Nascent lipid droplets are secreted and transported from the endoplasmic reticulum (ER) to the Golgi apparatus [59]. The transport of lipid droplets requires the localization and activity of proteins that create ER exit sites, coat proteins to collect cargo and to change membrane's shape into a transport container, and address tags (SNARE proteins) to target the vesicles specifically to the Golgi apparatus. ER export factors, SNAREs, and misfolded proteins used during the release of lipid droplets must be retrieved from the Golgi to the ER again [60]. If this process is impaired, Golgi vesicle pre-fusion complex stabilization occurs (Fig 6). Lipid droplet dynamics, trafficking and dispersion was demonstrated to be produced by homotypic fusion between lipid droplets using SNAREs [61]. The inhibition of translocation of resident proteins from the Golgi to the ER, and endosomal trafficking to the biosynthetic/secretory compartments (so called retrograde trafficking) [62] between 187 and 354 days of age in EW steers potentially led to a diminished intra-Golgi vesicle-mediated transport (Fig 6). If such events occurred it might have led to reduced lipid droplet formation, hence, lower marbling in LM of EW steers.

Conclusions

Cow plane of nutrition during the last 105 days of gestation resulted in modest changes in the offspring longissimus muscle transcriptome. Among these genes the bioinformatics analysis revealed an inflammatory process in offspring born from cows with access to higher plane of nutrition. The greater intramuscular lipogenic response in those steers contributed to the effect. Irrespective of maternal nutrition, early weaning induced a robust activation of the lipogenic program accompanied by activation of the innate immune system. The latter also was related to the greater lipogenesis during the growing phase. Subsequently, during the finishing phase, alterations of genes in the Golgi complex organization suggest an inhibition of lipid droplet formation potentially diminishing intramuscular fat accumulation in the steers.

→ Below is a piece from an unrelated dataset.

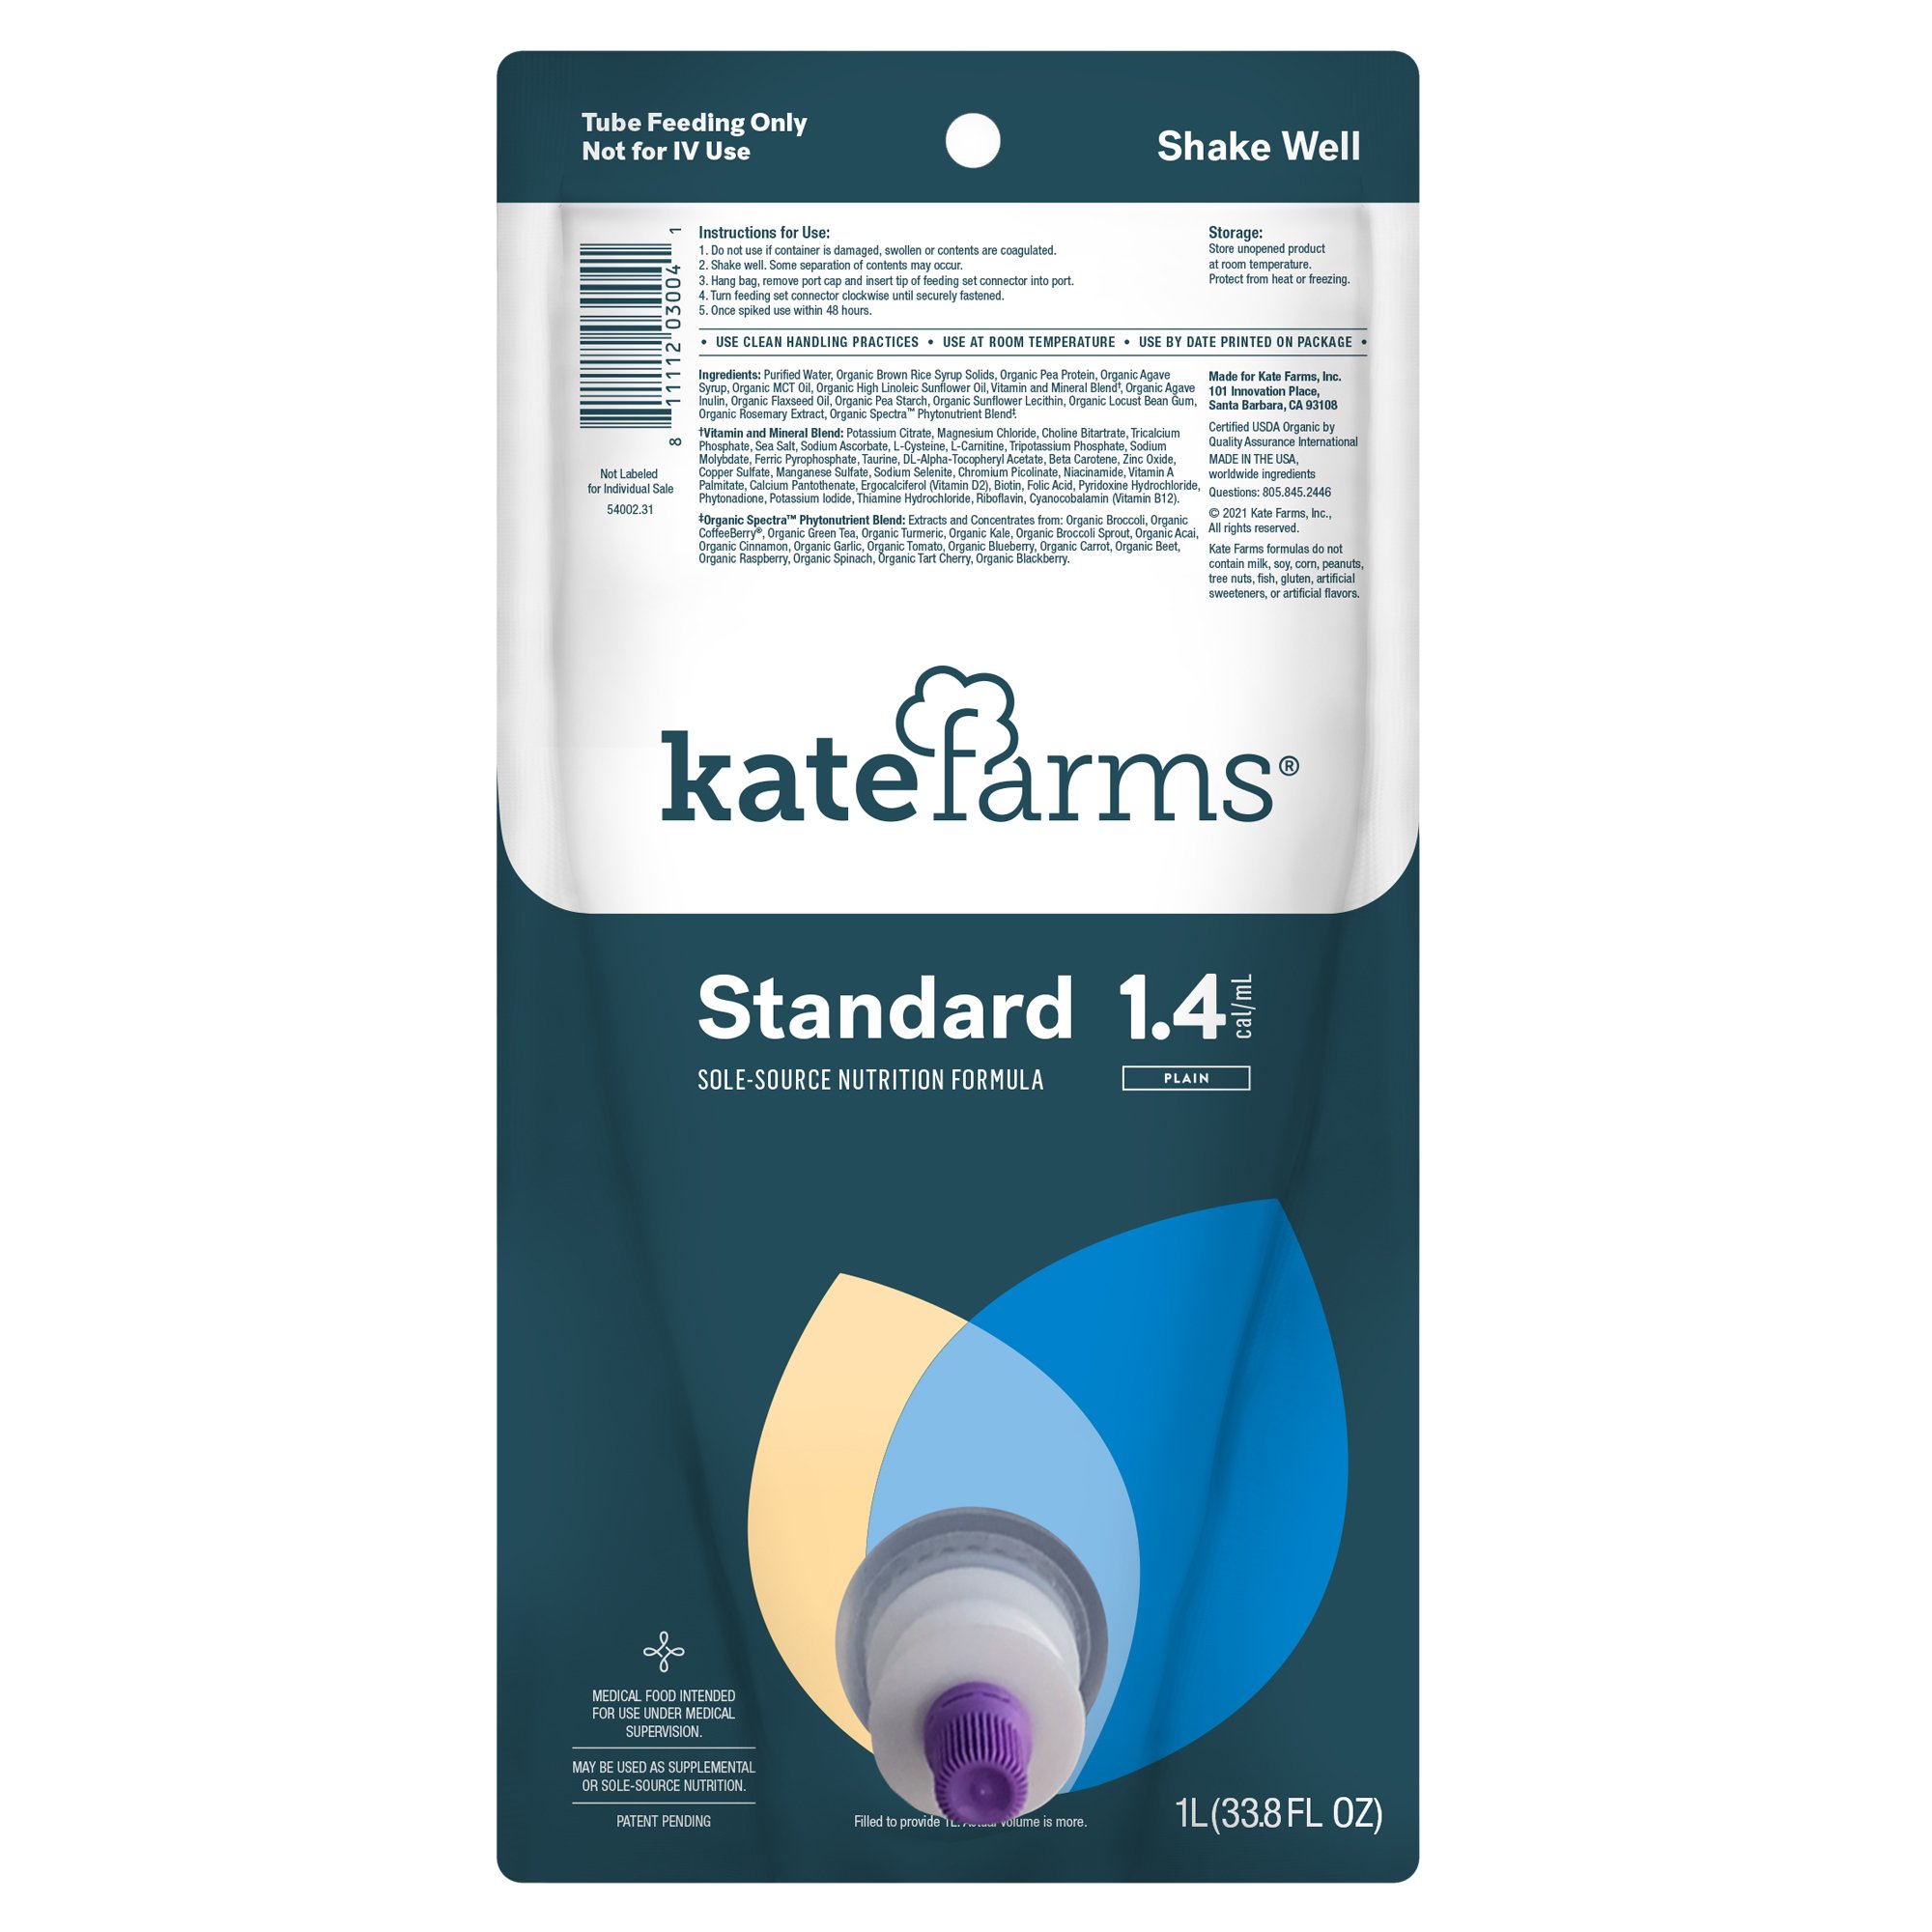 Kate Farms Standard 1.4 Sole-Source Nutrition Formula, 1000 mL Bag MK 1184939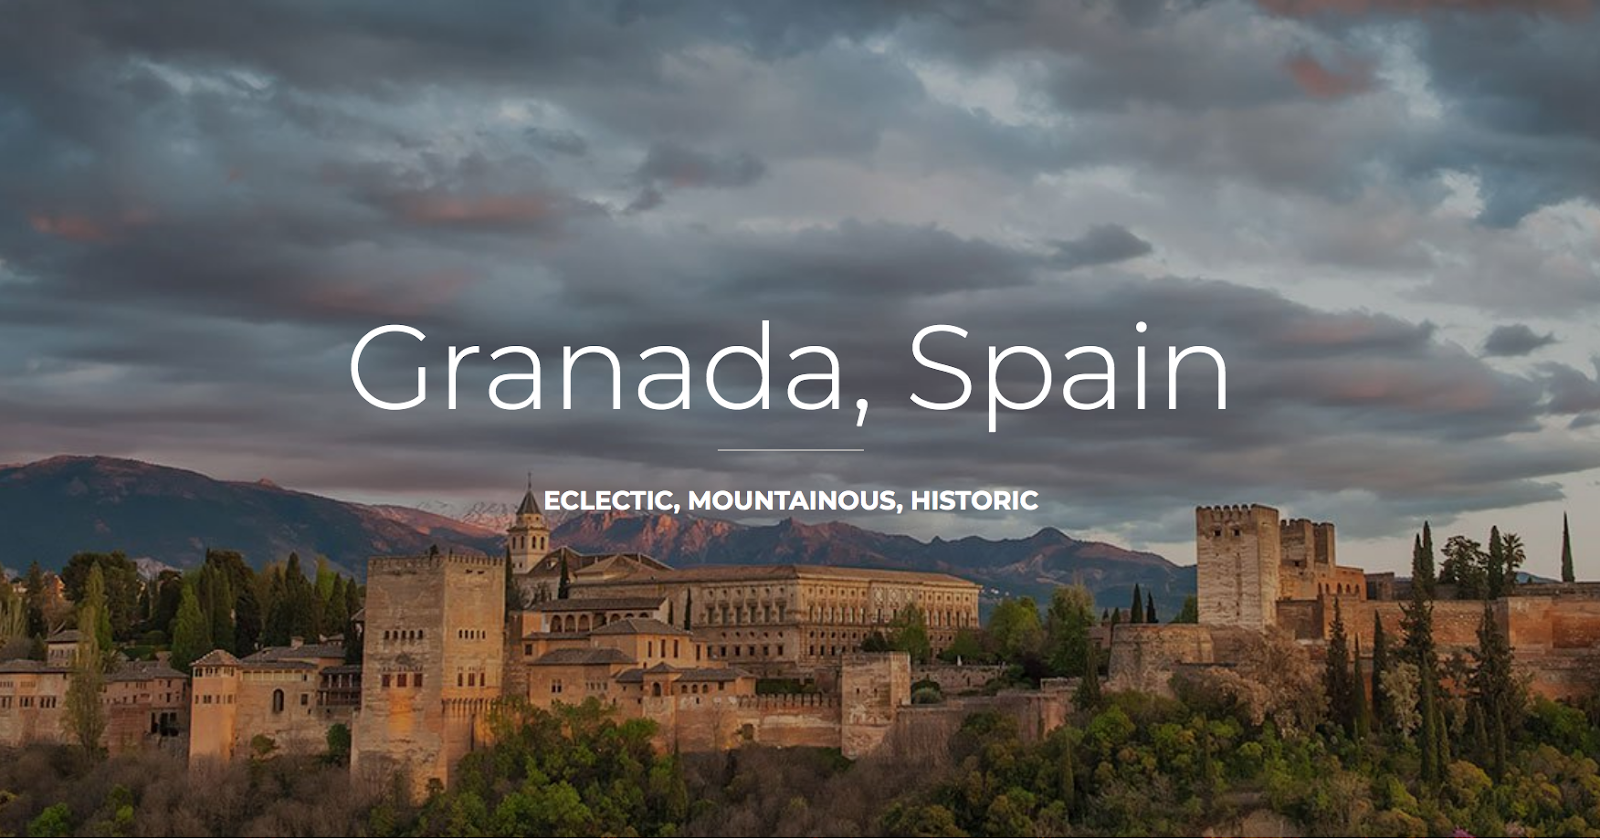 Granada, Spain, Eclectic, Mountainous, Historic

When only genes affected by weaning age are considered, the inflammatory response detected at the end of the growing phase in early-weaned steers was similar to that observed when evaluating DEG affected by cow plane of nutrition; in that case with signs of adipose tissue inflammation for both, MPN and LPN steers. These mechanisms were more pronounced in early-weaned steers from cows fed low plane of nutrition probably because of the lower intramuscular fat (marbling) scores. Overall, results from this work underscore the need to conduct further studies to understand better the functional outcome of the transcriptome changes. Additional knowledge on molecular and functional outcomes induced by the combination of prenatal and postnatal nutritional management would help produce more efficient beef cattle and higher quality beef.